● Raw data:

>>

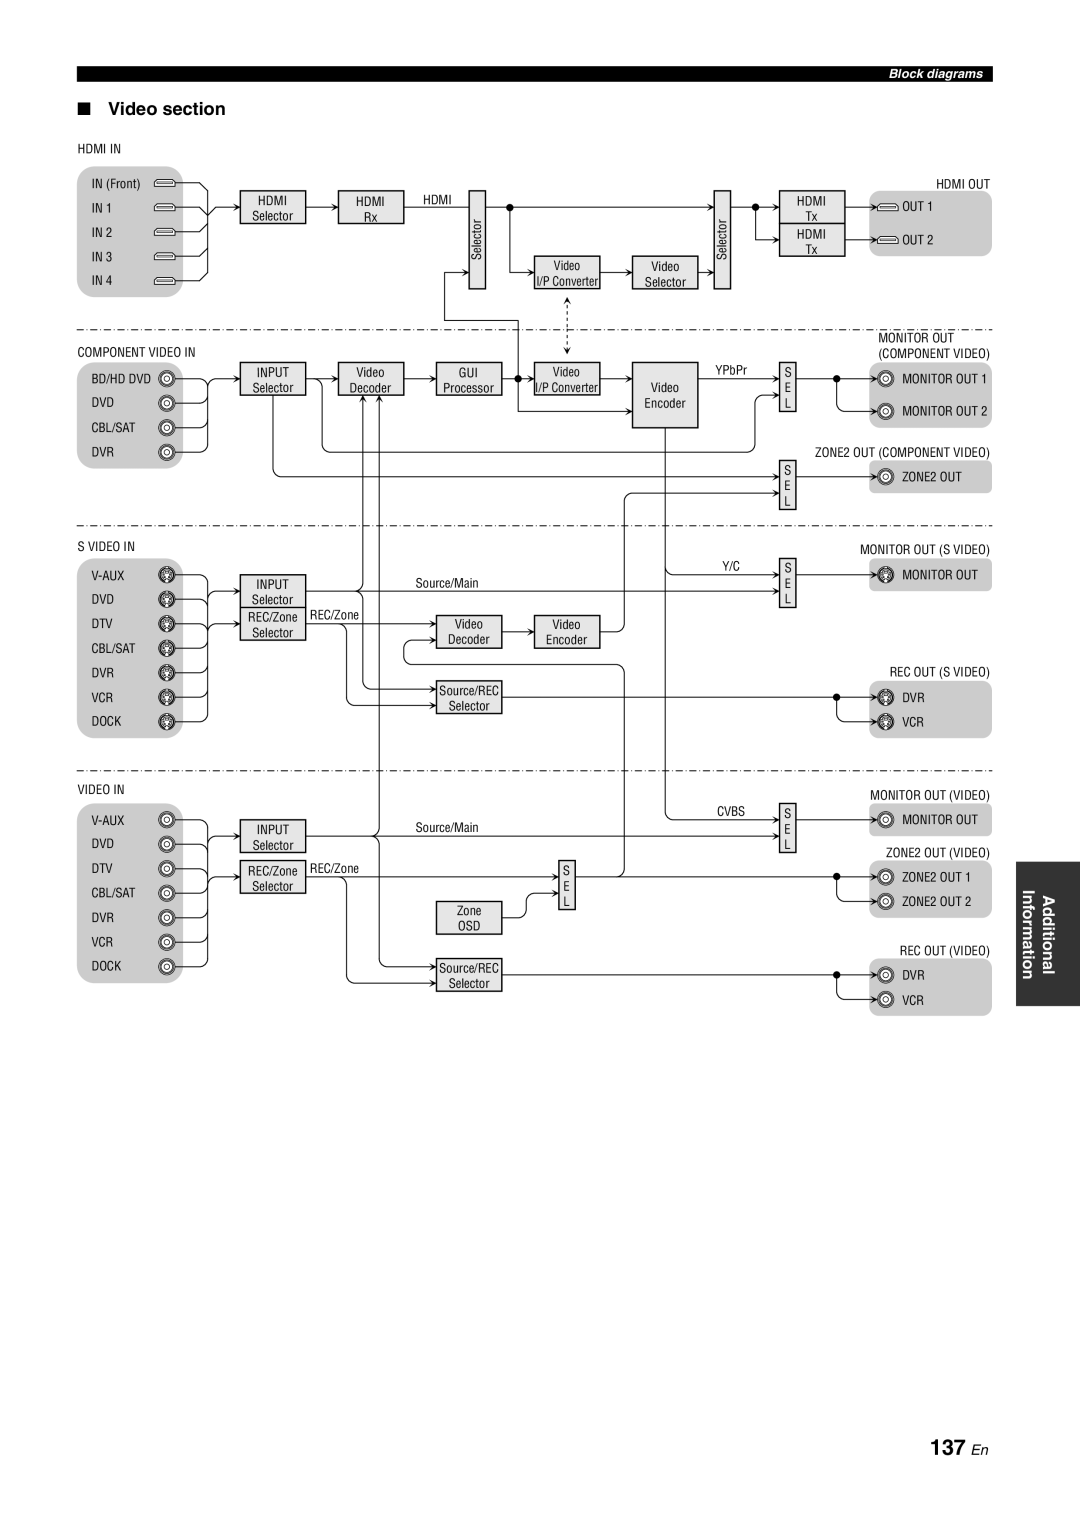 Yamaha DSP-Z11 owner manual 137 En, Video section, Information, Additional, Block diagrams 
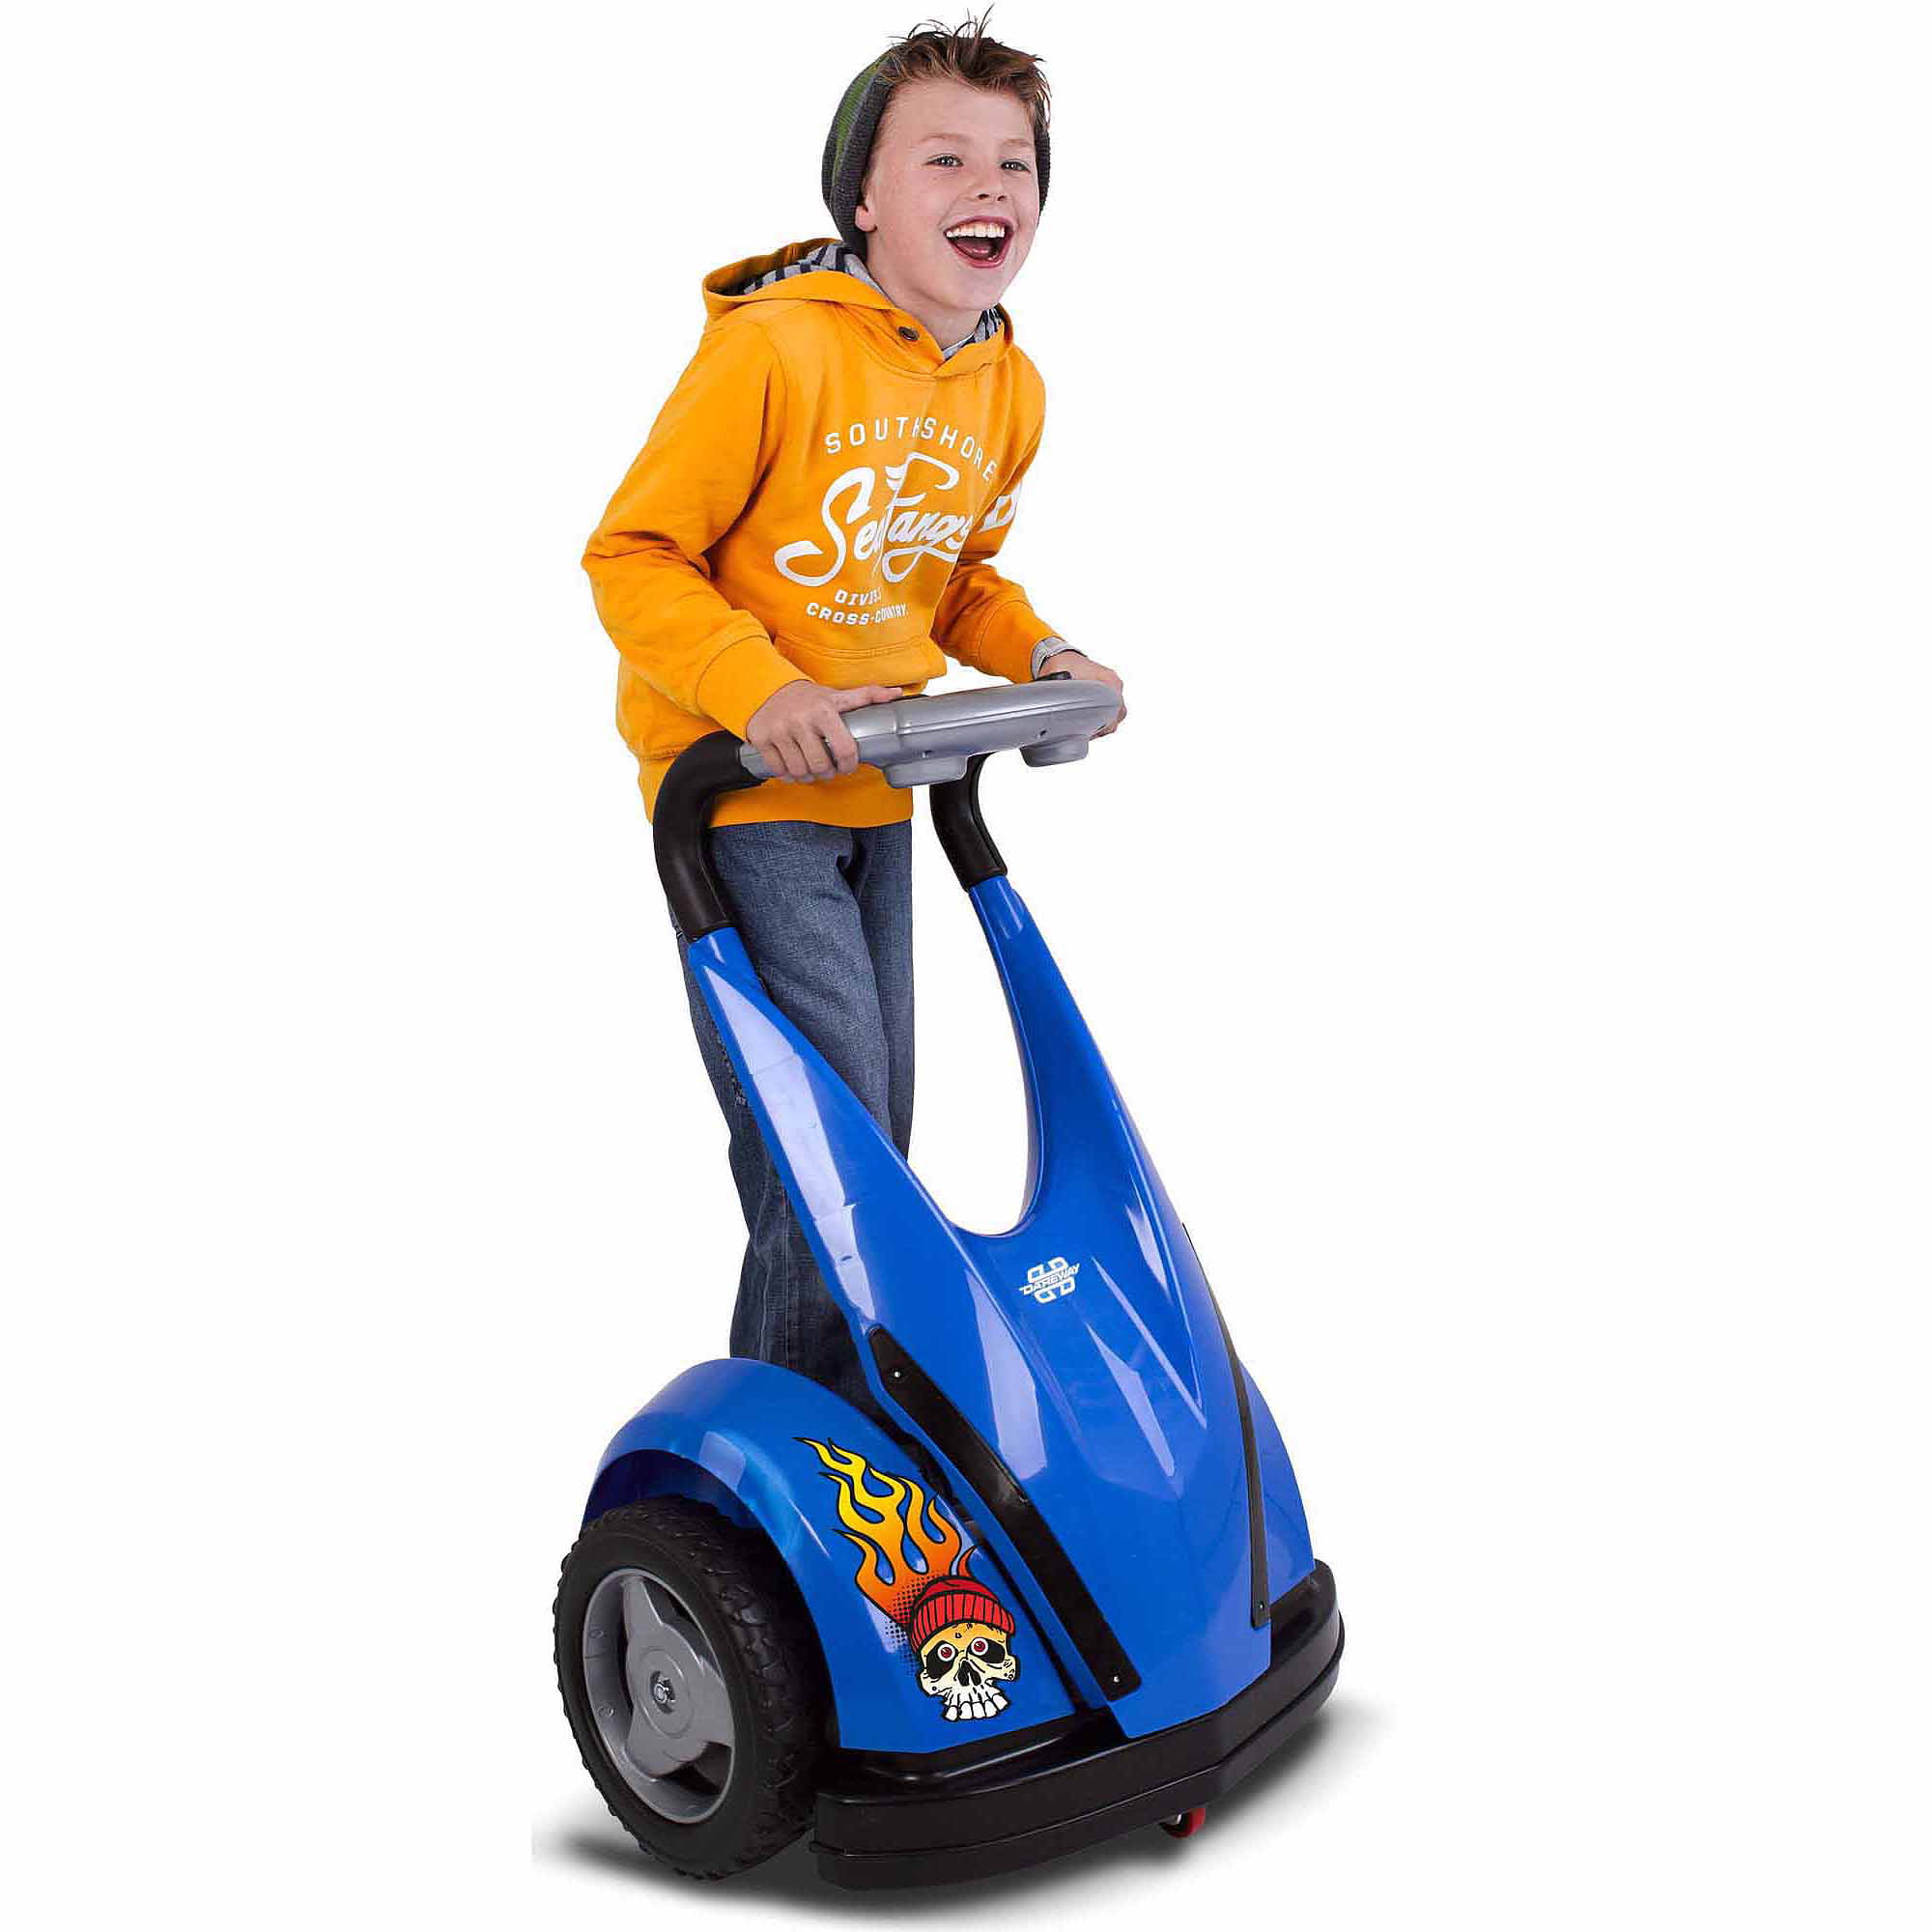 Скутер детей лет. Скутер сигвей Feber Dareway. Скутер для детей. Скутер для детей 10 лет. Детский скутер на аккумуляторе.
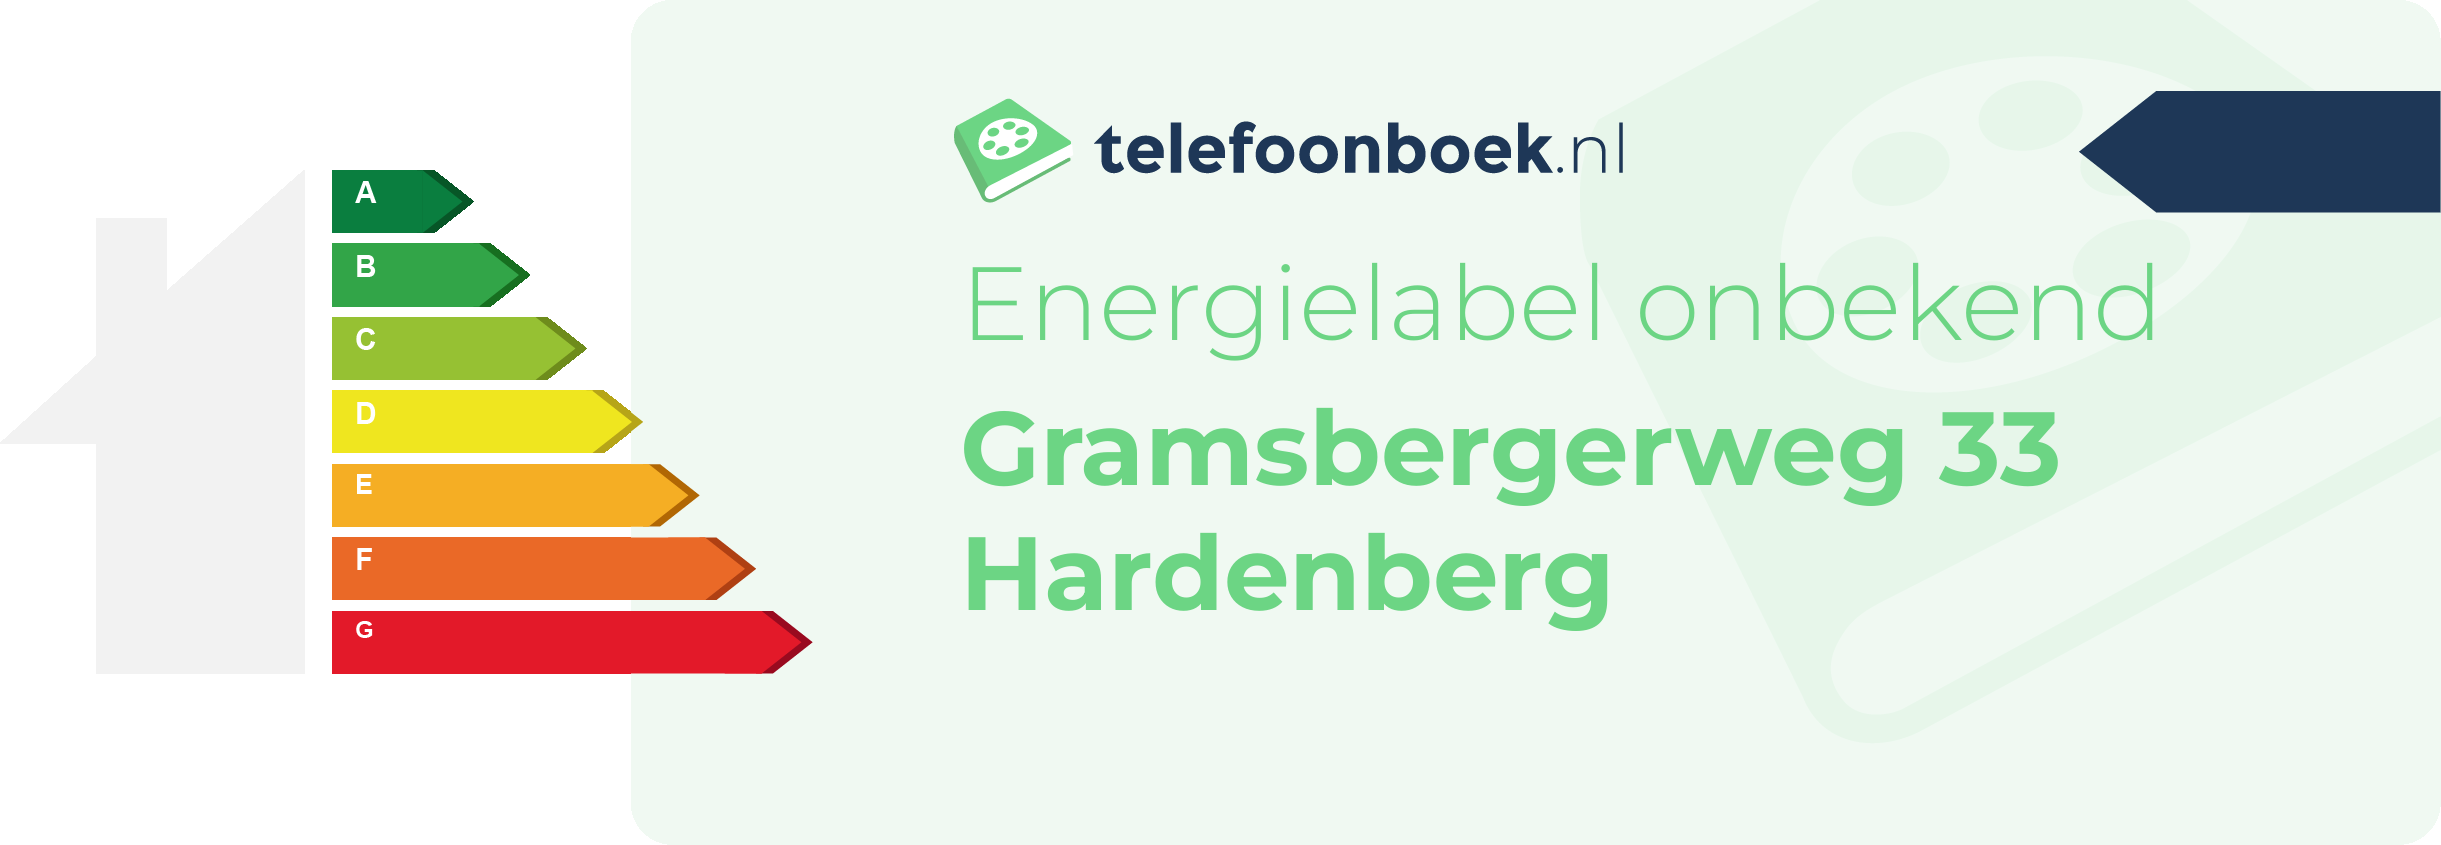 Energielabel Gramsbergerweg 33 Hardenberg

<<

● What is required:
Please return the material above unchanged, with every picture removed.

● Answer to this problem:
 Yamaha DSP-Z11 owner manual 137 En, Video section, Information, Additional, Block diagrams 
 Скутер детей лет. Скутер сигвей Feber Dareway. Скутер для детей. Скутер для детей 10 лет. Детский скутер на аккумуляторе.
 Energielabel Gramsbergerweg 33 Hardenberg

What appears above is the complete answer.